I guess I’ve lived on the South End long enough to see many changes in Crabbing Techniques. Down by us we still walk for the dangerous beasts, armed with only a potato rake and our wits. Obviously the crabs have a definite advantage…. If, as sometimes happens, the wily Dungeness gets the potato rake, well, the poor South Ender is rendered nearly helpless and few, if any, hear those anguished screams.

Some of my newcomer neighbors can afford traps and boats. Boats with motors even. They launch at high tide and bait the traps with caviar and special crackers from Trader Joe’s. They say they catch crab, but I suspect they eat the bait themselves later with lobster flown in from Maine.

In the olden days, when crabbing was a mainstay of South End maritime economics, we drove the great Dungeness herds north every spring to the stockyards of Utsalady and Stanwoodopolis. These were difficult and dangerous drives for the crab cowboys — and many a young wrangler never made it up the coast. Crab stampedes were a constant source of concern. Knee deep in the eelgrass with 10,000 head of the crustaceans clacking claws, the smallest motion would set em to running.
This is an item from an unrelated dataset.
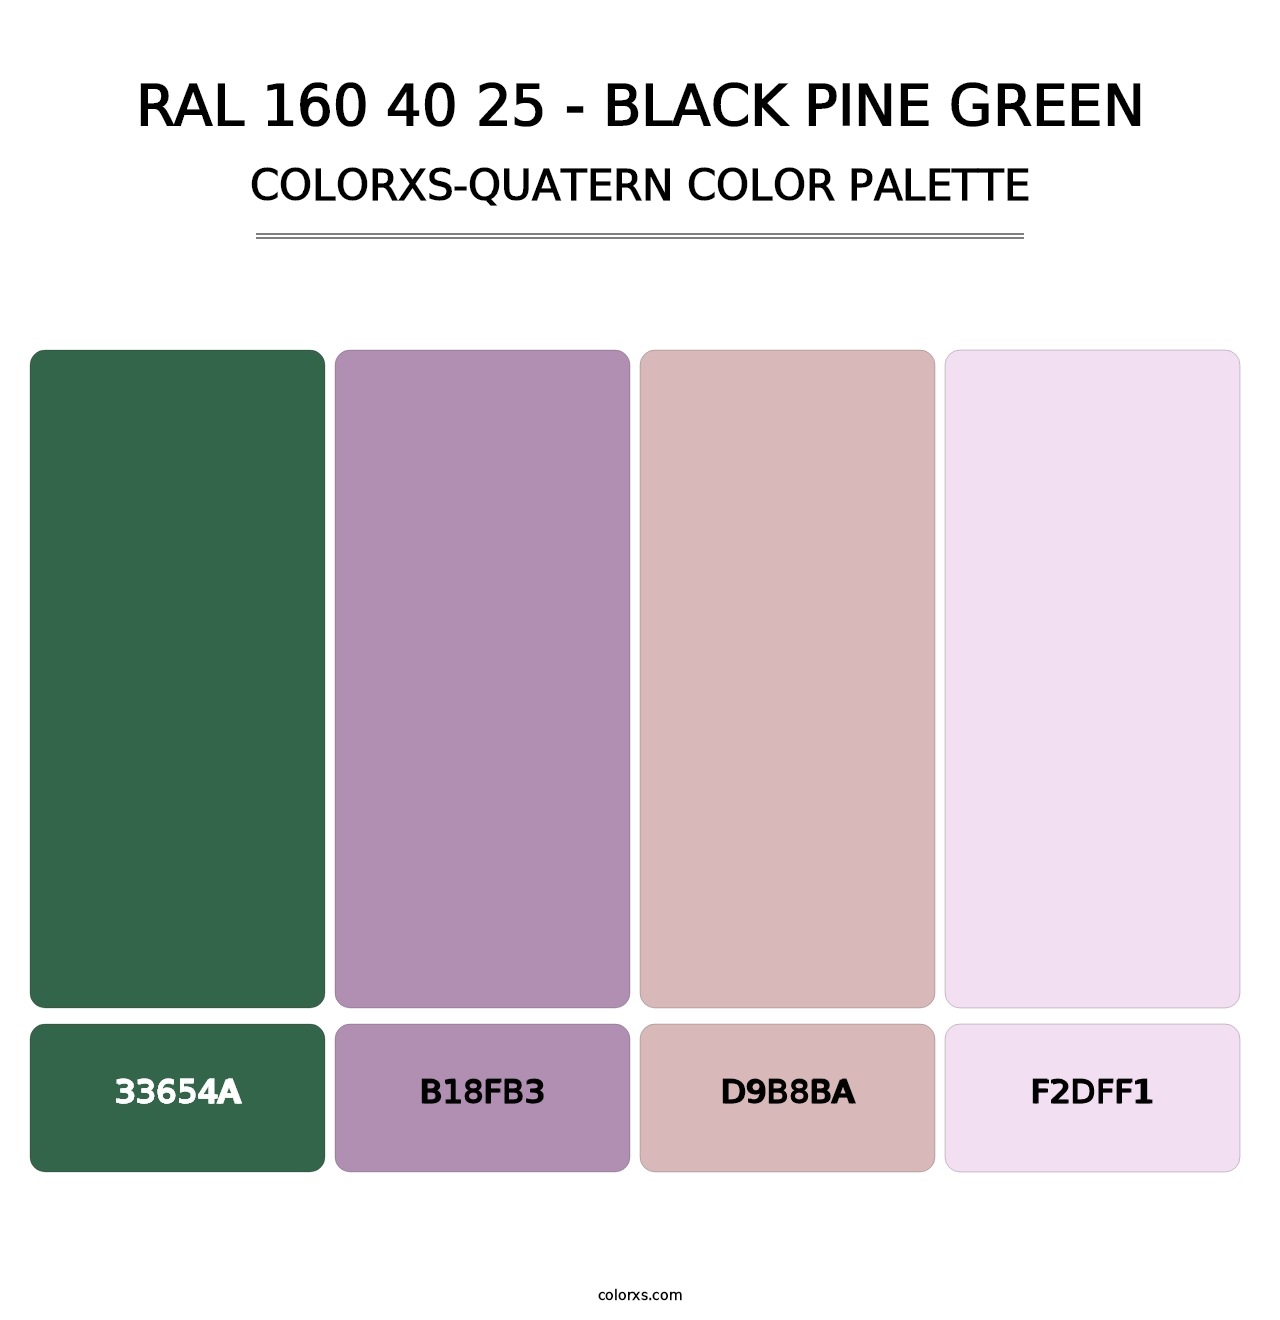 RAL 160 40 25 - Black Pine Green - Colorxs Quatern Palette

Old drovers still tell the story of Mabana Mike, caught in the stampede of ’09 with a herd of barnacle crusted monsters whittling him down like a chainsaw speed carving contest. Old Stumpy, they called him after that at the Tyee Retirement Villa. Never the same. The sound of a denture clacking would set him off for days, the nurses said.

But when the crabs were delivered and the happy Crabpokes had money in their waders, you better believe Stanwoodopolis and Utsalady resounded to the whoops and cries of drunken drovers celebrating another successful drive to market. You see an occasional crabber in the Hotel now, a small reminder of those South End glory days when Crab was King and Crabboys were too. So when you’re eating high on the shell this year, remember you’re partaking in a bit of history. And be careful. Don’t want to hurt yourselves with those nutcrackers and picks…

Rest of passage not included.